Introduction¶
Here I want to write a little about pandas that I play with sometimes and share some useful pandas methods. Notice the input data comes from module pydataset that comes with a bunch of popular dataset.
import pandas as pd
from pydataset import data
type(data)
_input= data('HairEyeColor')
Data Structures¶
There are n structured ways to manipulate data in pandas.
Pandas Series Object¶
Series is data wrapped in a 1 d array with indexed items, indices being of type int (but str also works).
Slicing works by square-bracket notation, method .values return Numpy array.
data = pd.Series([1, 2, 3], index=['a', 'b', 'c'])
Curious application is a Series as a specialization of a Python dictionary.
population_dict = {'California': 38332521, 'Texas': 26448193, 'New York': 19651127, 'Florida': 19552860, 'Illinois': 12882135} population = pd.Series(population_dict) population
Pandas DataFrame Object¶
A DataFrame is an analog of a two-dimensional array with both flexible row indices and flexible column names.
from sklearn import datasets
iris = datasets.load_iris()
print(iris.data[:10])
print(iris.target)
print(iris.DESCR[:1000])
There are datasets to play with in Scikit Learn or Scipy.
from sklearn.datasets import load_boston, make_classification, load_iris
data_boston = load_boston
data_iris = load_iris
Otherwise sklearn has a utility to generate classification datasets.
from sklearn.datasets import make_classification
When input looks like that:
_input.head(7)
To get a subpart of the df is as simple as:
df_sliced = _input.iloc[0:5, 0:2] # rows then columns indices passed to the iloc
df_sliced
Transpose df¶
Given a DataFrame df, you can transpose a portion of it like this:
df_transposed = sub_df.T
# or
df_transposed =sub_df.transpose()
This will return a new df. To modify the original DataFrame, you can use the inplace parameter.
sub_df.T(inplace=True)
Create Contingency Table¶
Columns representing Hair , Eye color used to make a cross-table. Going from HairEyeColor table individuals to group counts done as follows.
Transpose¶
To switch rows by columns you call method .T
on df
.
df_T= df_sliced.T
df_T
_input= data('HairEyeColor')
contingency_ds= pd.crosstab(_input["Hair"], _input["Eye"])
contingency_ds
Pivot Table¶
Pivot is useful to make a report on relevant features, when you get counts of relevant values groupped by selected columns.
_input.head()
pivot = _input.pivot_table(index='Hair', columns=['Sex','Eye'], values='Freq')
pivot
pivot2 = _input.pivot_table(index='Hair', columns=['Sex'], values='Freq')
pivot2
apply() a Custom Function¶
Groupby¶
To apply groupby in pandas to get the count of each category, you can use the following code on dummy data:
import pandas as pd
import numpy as np
# categories
fruits = ['apple', 'banana', 'cherry', 'date', 'elderberry']
# total of 100 items
num_items = 100
# Randomly choose the number of items for each fruit type
counts = np.random.choice(range(1, num_items + 1), len(fruits), replace=False)
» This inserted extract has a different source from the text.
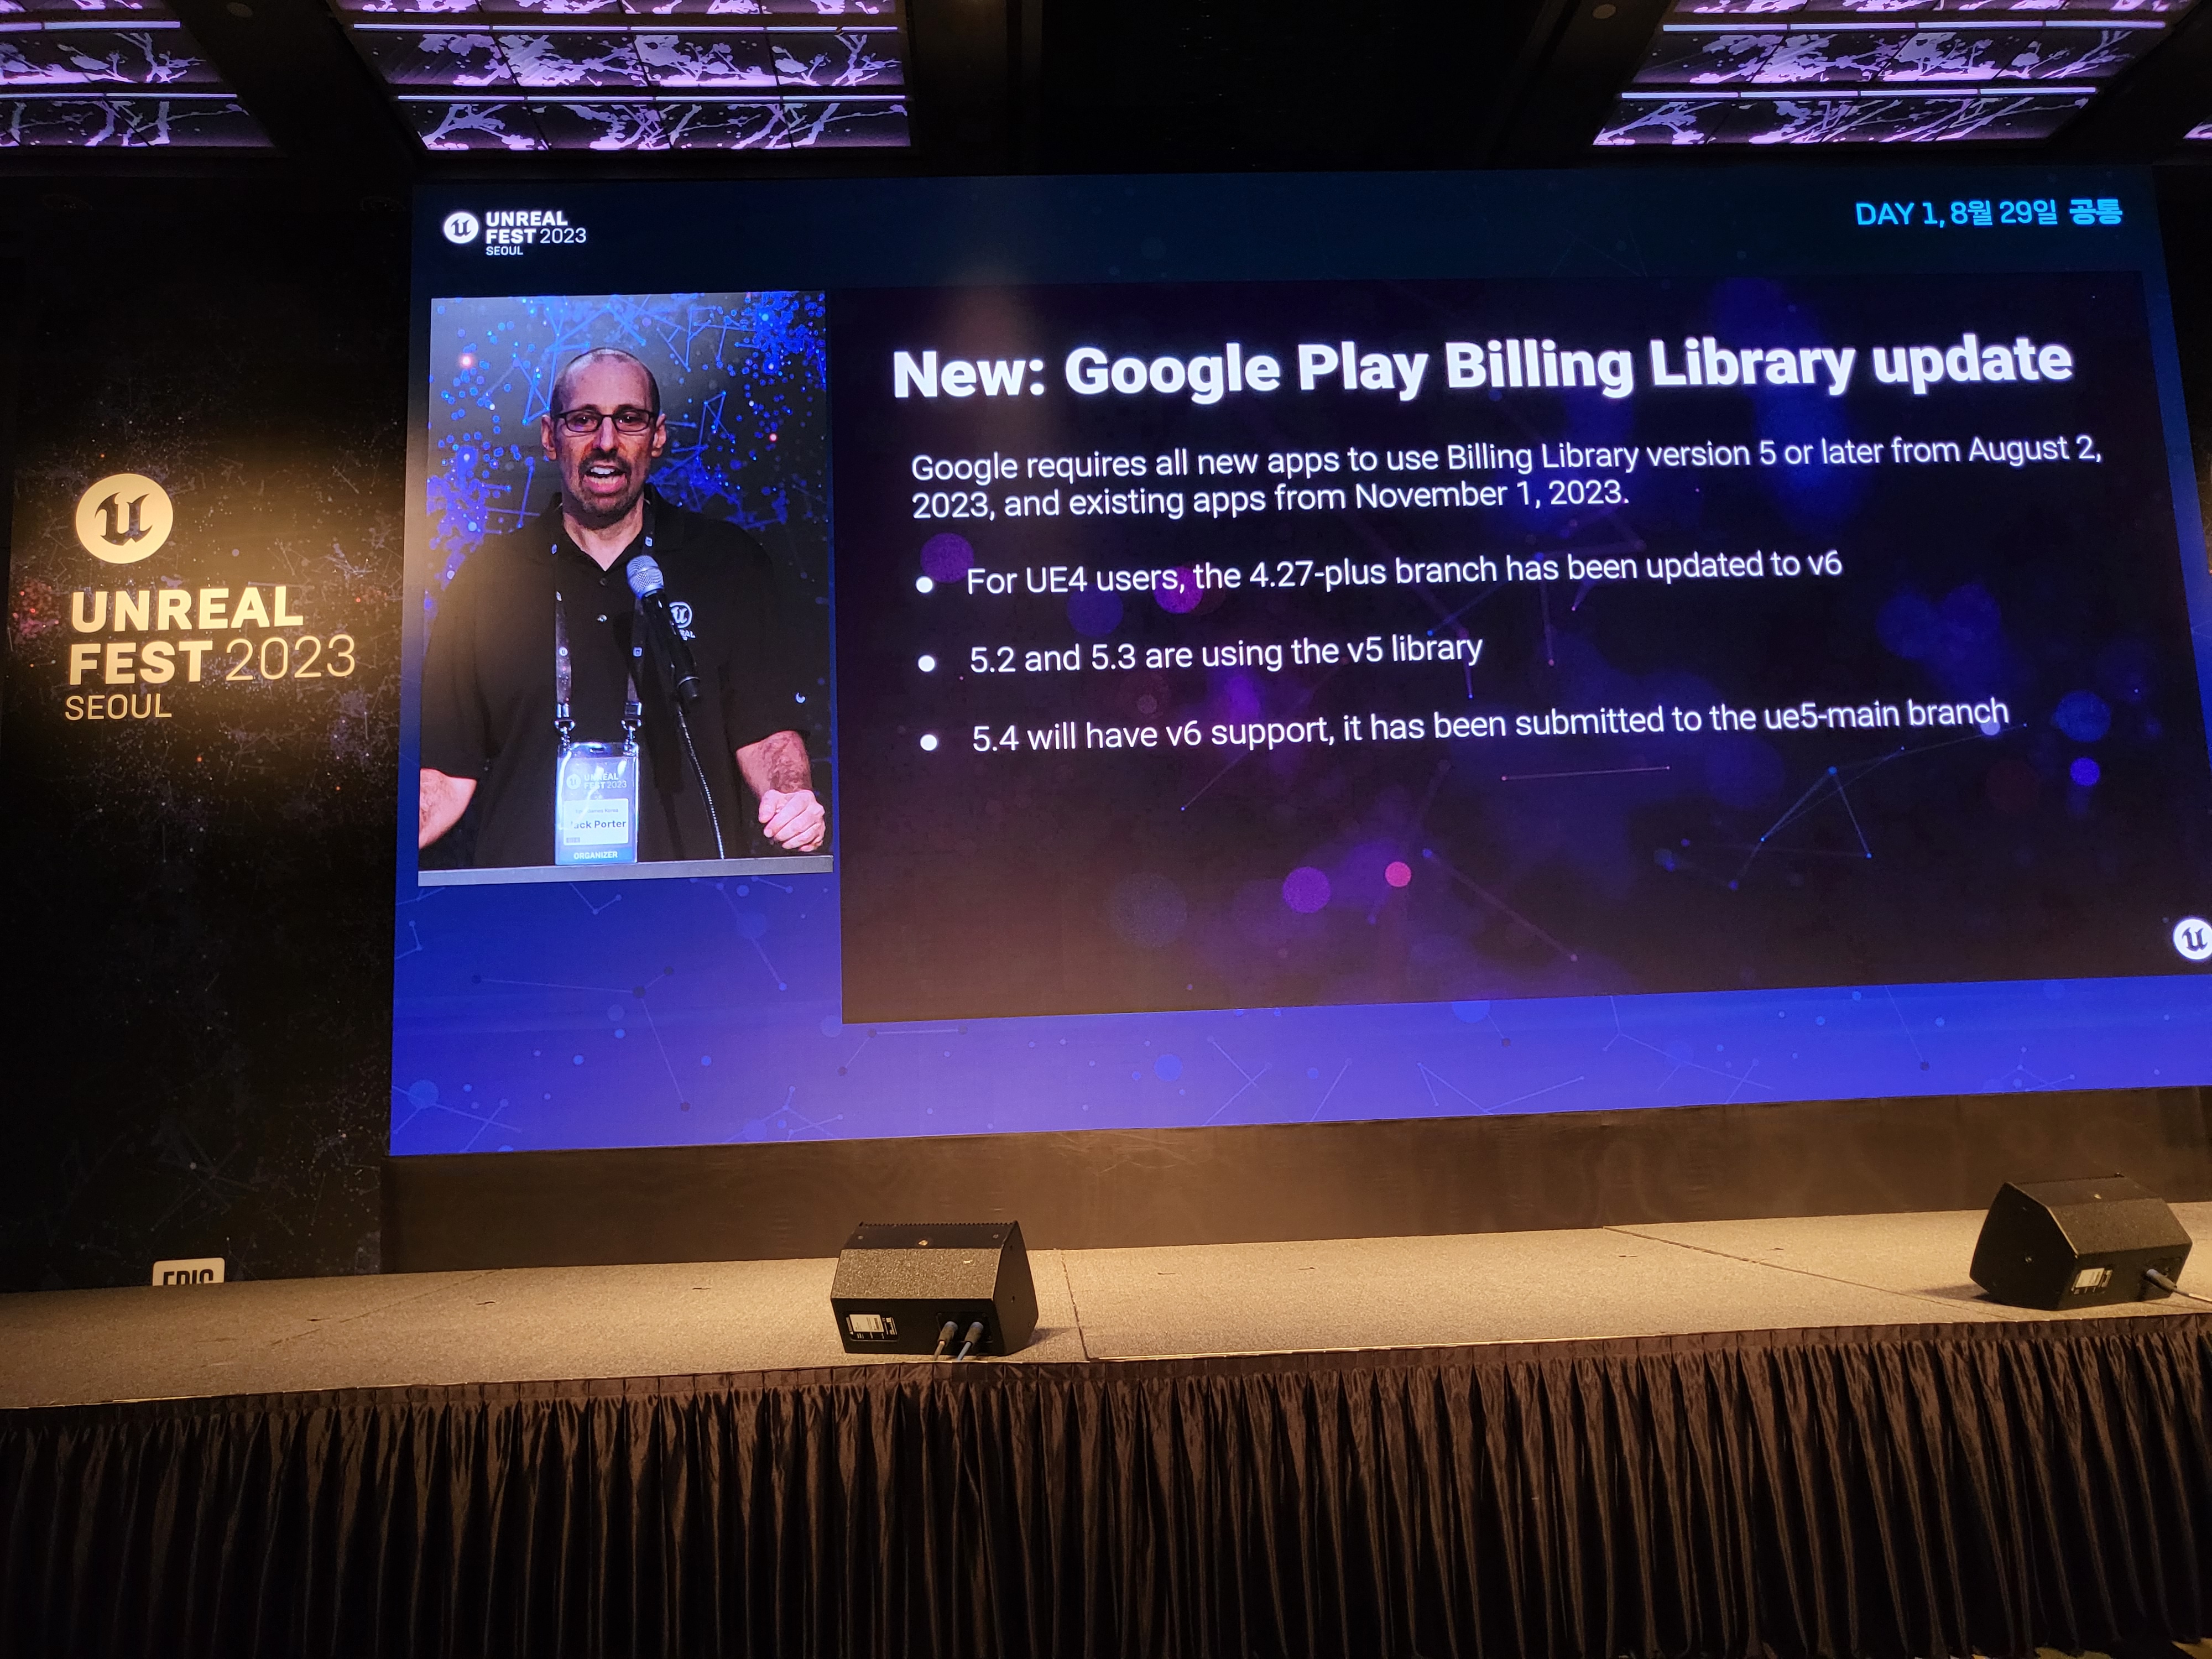 Google Play Billing Library Update

counts = counts / counts.sum() * num_items
# Create the data dictionary
data = {'group': [], 'attribute': []}
# Populate the data dictionary with random-sized groups
for count, fruit in zip(counts, fruits):
data['group'].extend(np.repeat(fruit, int(count)))
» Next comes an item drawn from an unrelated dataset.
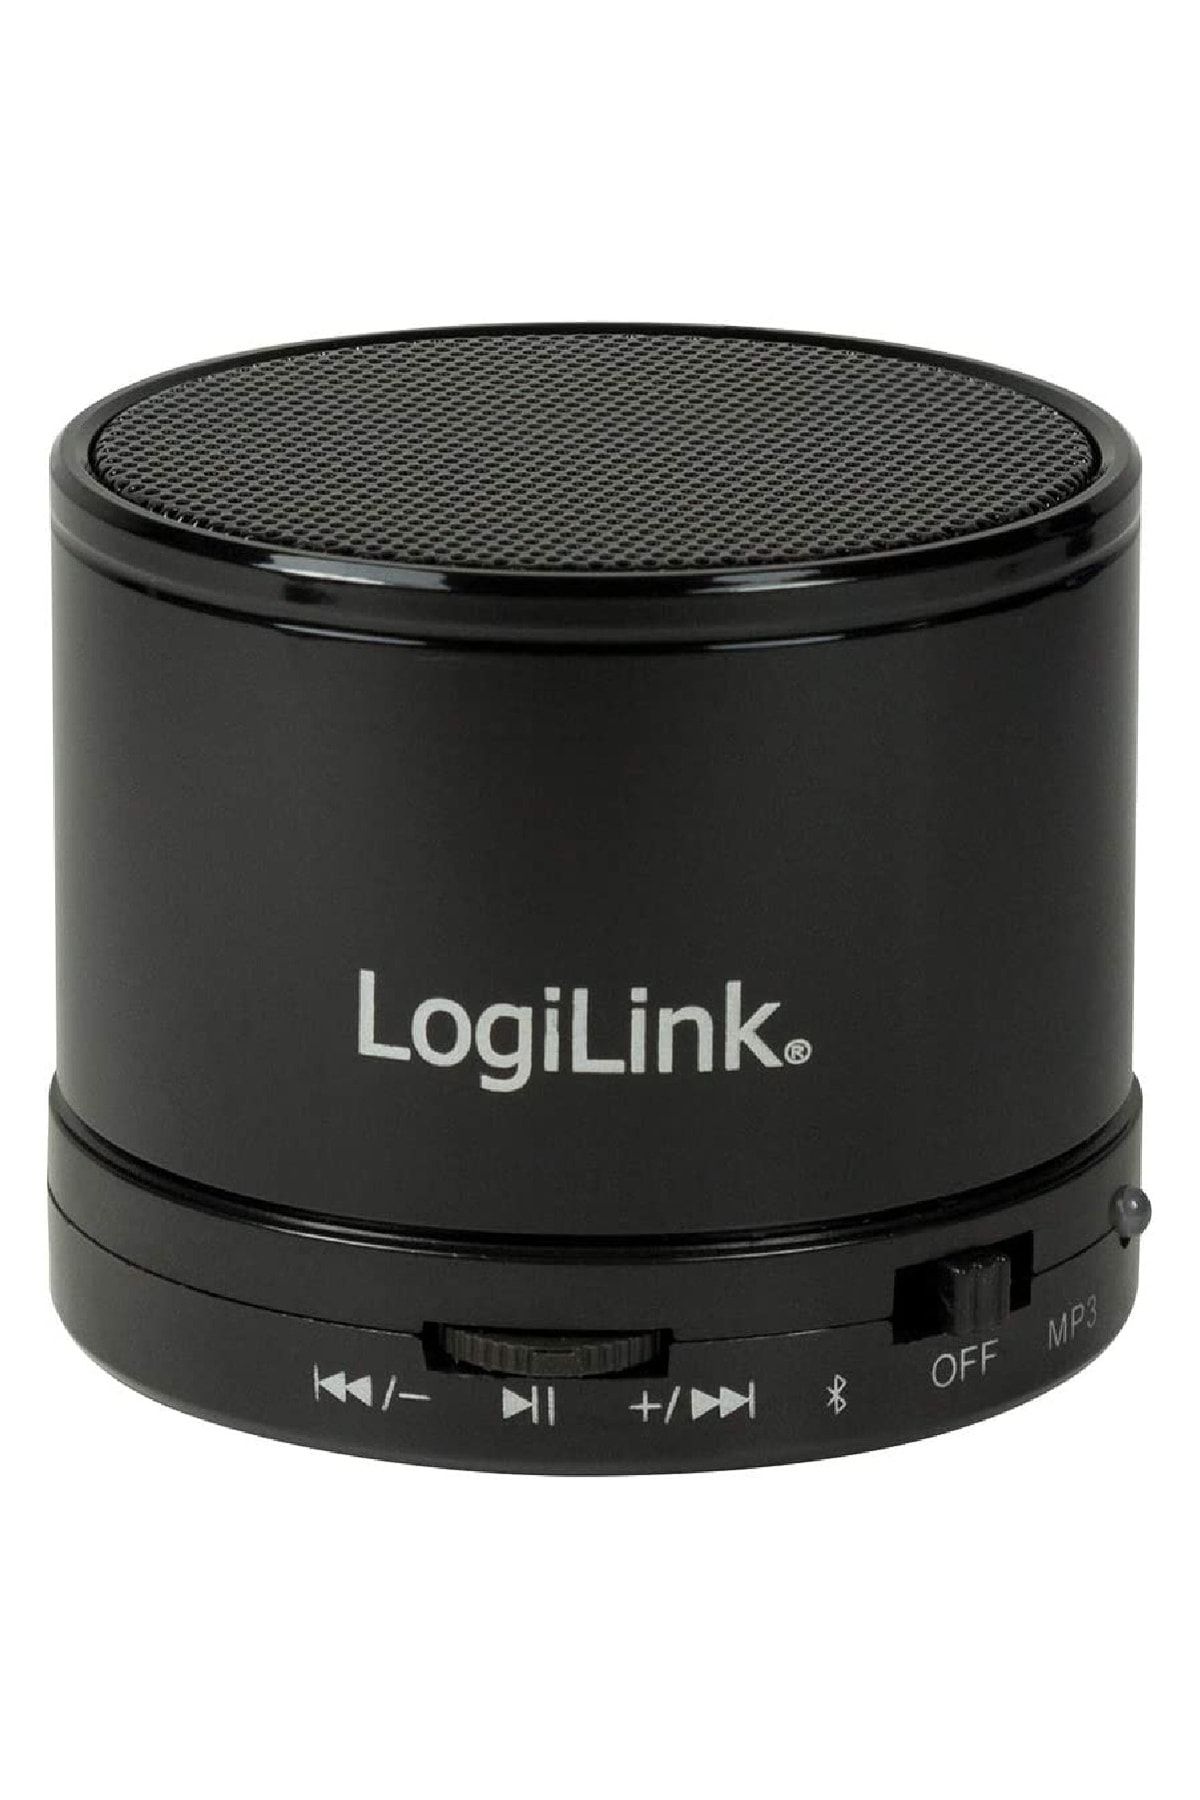 LogiLink Sp0051 Bluetooth Speaker With Mp3 Player

data['attribute'].extend(np.tile(fruit, int(count)))
df = pd.DataFrame(data)
# shuffle the DataFrame
df = df.sample(frac=1).reset_index(drop=True)
# Apply groupby and get the count of each type of fruit
fruit_counts = df.groupby('attribute').size().reset_index(name='count')
print(fruit_counts)
Filter Data Frame¶
use boolean indexing to filter a df based on a particular value in a specific column:
import pandas as pd
# Assuming 'df' is your original DataFrame
# For example, let's say you have a column named 'column_x' and you want to filter based on a specific value, let's call it 'desired_value'
desired_value,desired_value2 = 'apple', 'banana' # Replace this with the actual value you want to filter on
filtered_df = df[(df['attribute'] == desired_value) | (df['attribute'] == desired_value2)]
# Now, 'filtered_df' contains only the rows where 'column_x' has the value equal to 'desired_value'
filtered_df
filtered_df.attribute.value_counts()
pd.get_dummies¶
Of course I need to play with Titanic dataset and want to split class attribute into separate columns for first, second, and third class, I used pandas' get_dummies() function to create binary columns for each class. Then I add these binary columns to the original df.